**WORK INSTRUCTIONS**
Look below for the line containing "Dimensions: D 34 x W 34 x H 45 cm". Reproduce it and every line after it exactly, and nothing more.

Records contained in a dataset

BEGIN

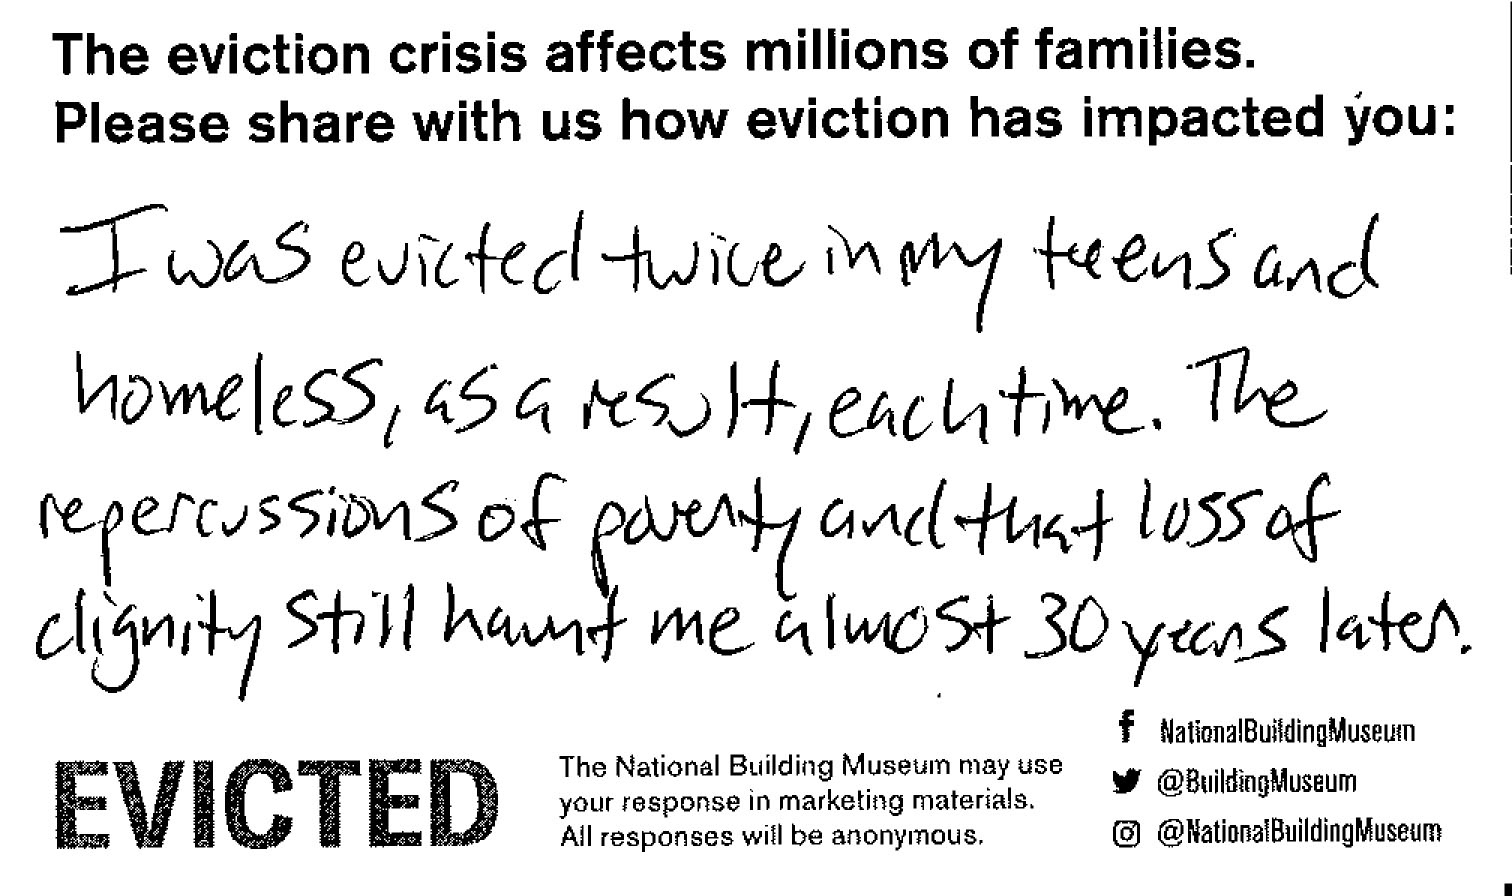 I was evicted twice in my teens and homeless, as a result, each time. The repercussions of poverty and that loss of dignity still haunt me almost 30 years later.
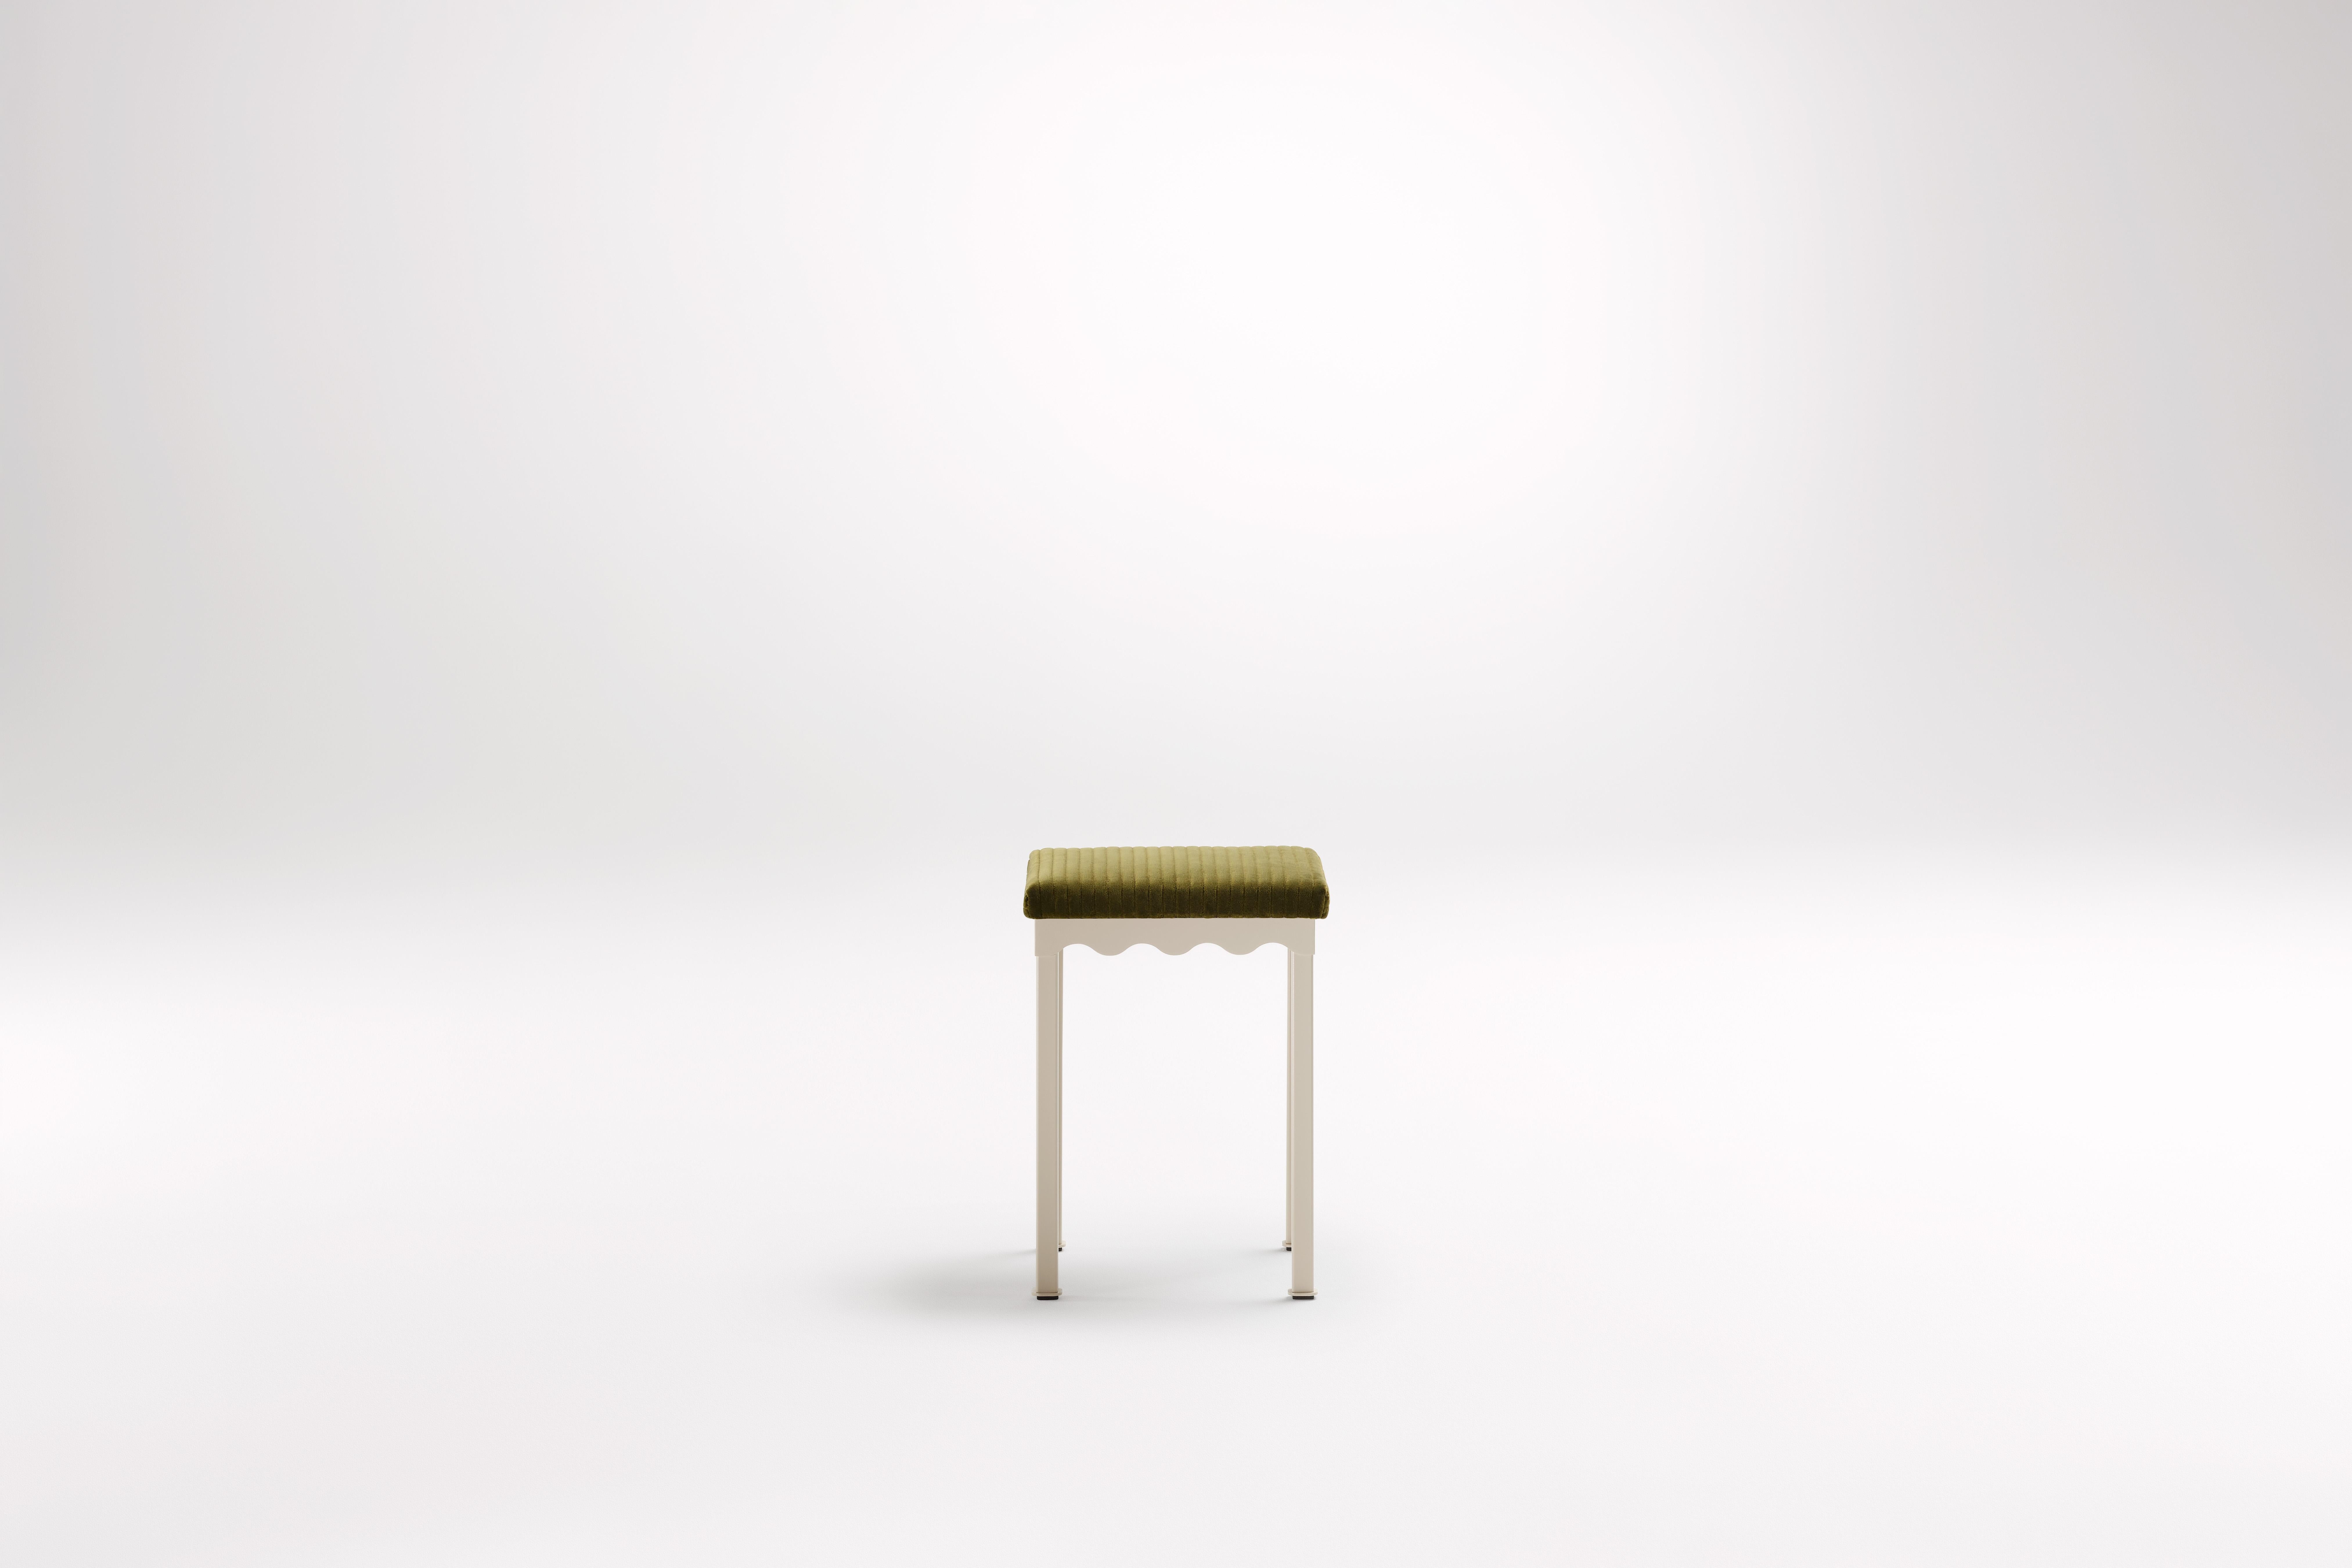 Oleander Bellini Low Stool by Coco Flip
Dimensions: D 34 x W 34 x H 45 cm
Materials: Timber / Stone tops, Powder-coated steel frame. 
Weight: 5 kg
Frame Finishes: Textura Paperbark.

Coco Flip is a Melbourne based furniture and lighting design

END

**ANSWER TO THIS EXERCISE**
Dimensions: D 34 x W 34 x H 45 cm
Materials: Timber / Stone tops, Powder-coated steel frame. 
Weight: 5 kg
Frame Finishes: Textura Paperbark.

Coco Flip is a Melbourne based furniture and lighting design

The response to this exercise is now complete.